- Exercise brief: A verbatim copy of all the data is required; the pictures should not appear in it.

- Data excerpt:
- Opening Delimiter -

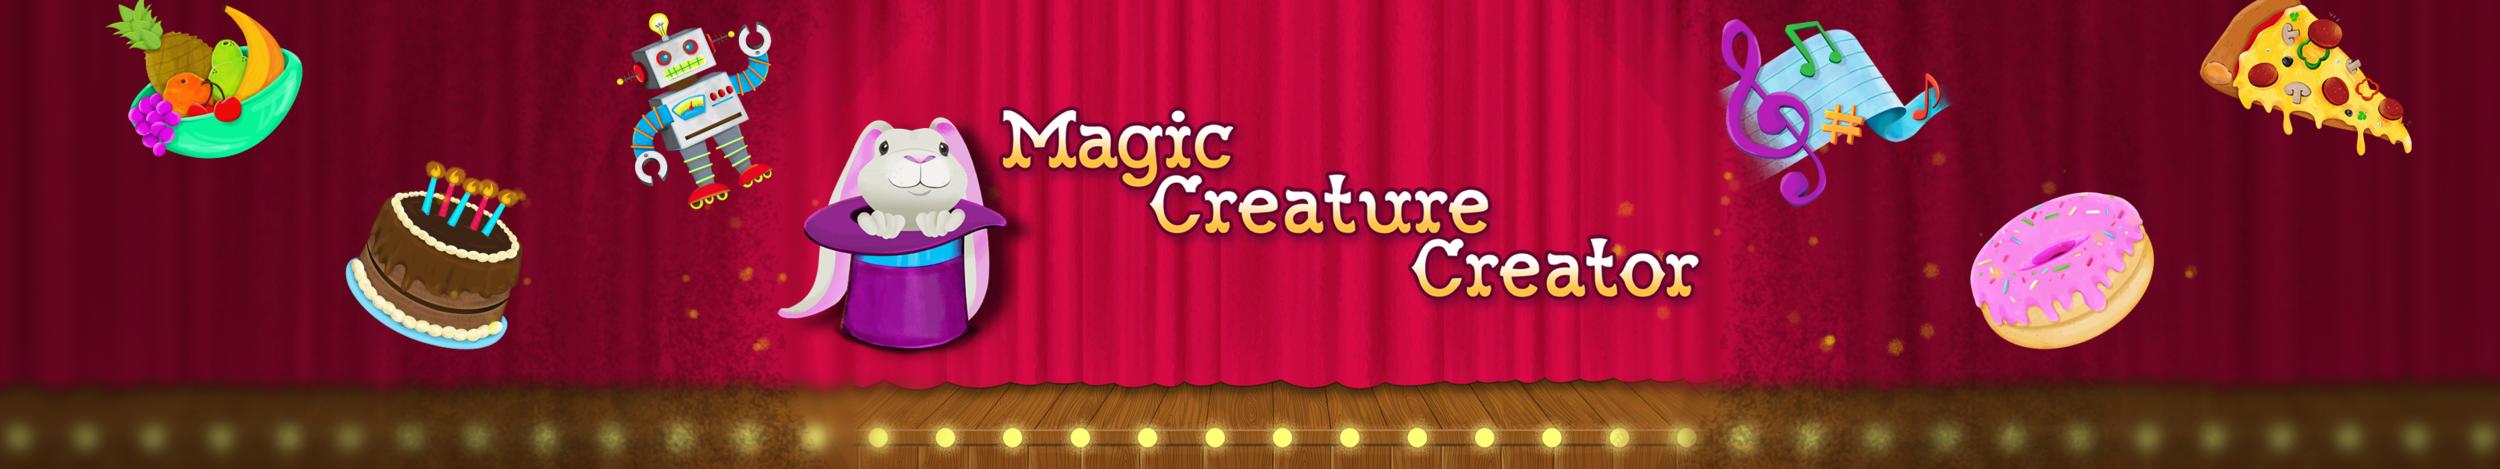 MagicHat_banner.jpg
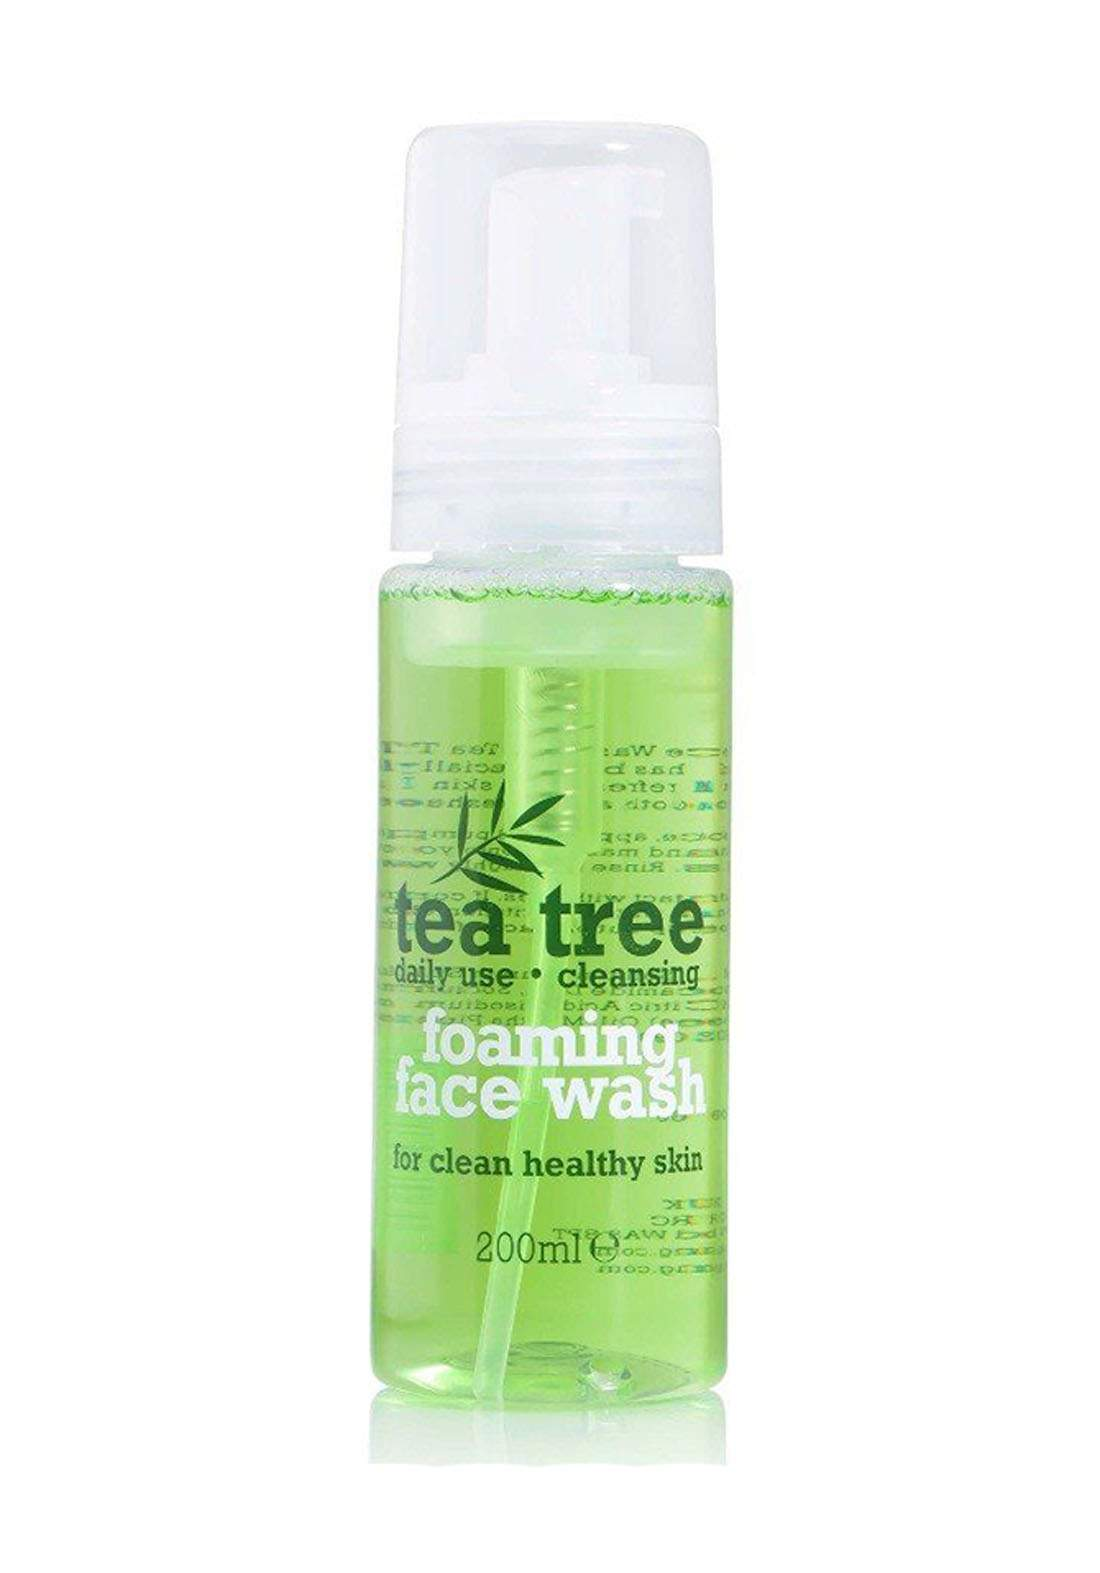 Tea Tree Foaming Face Wash - 200ml غسول للبشرة
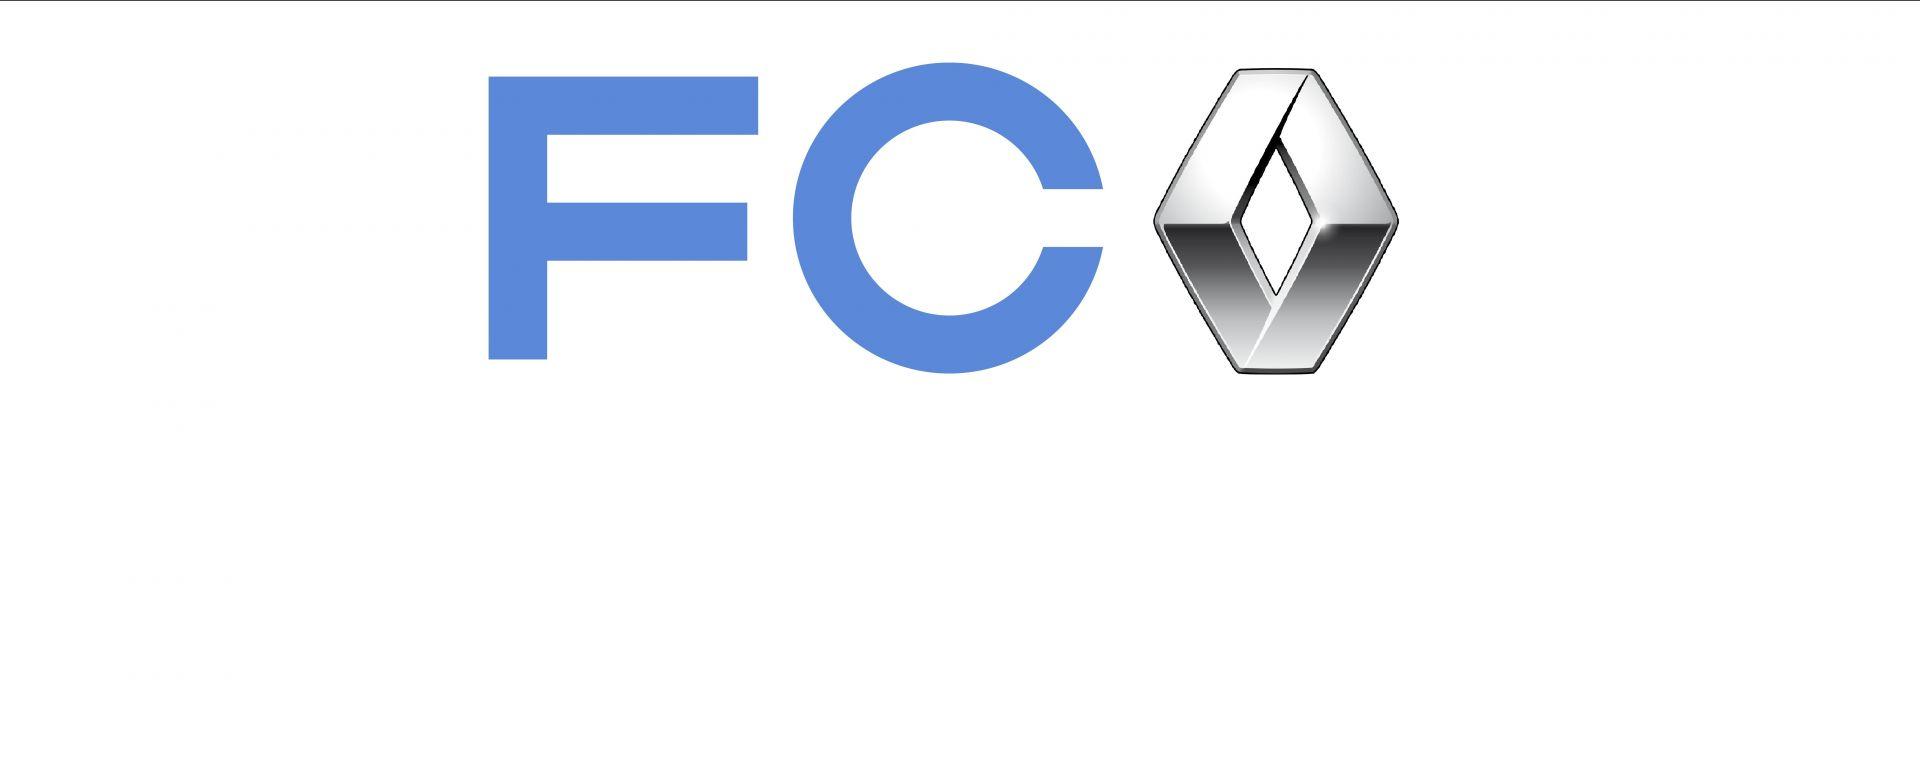 FCA-Renault: quali saranno i termini della partnership?

- Closing Delimiter -

- Result of the task:
 MagicHat_banner.jpg
 Tea Tree Foaming Face Wash - 200ml غسول للبشرة
 FCA-Renault: quali saranno i termini della partnership?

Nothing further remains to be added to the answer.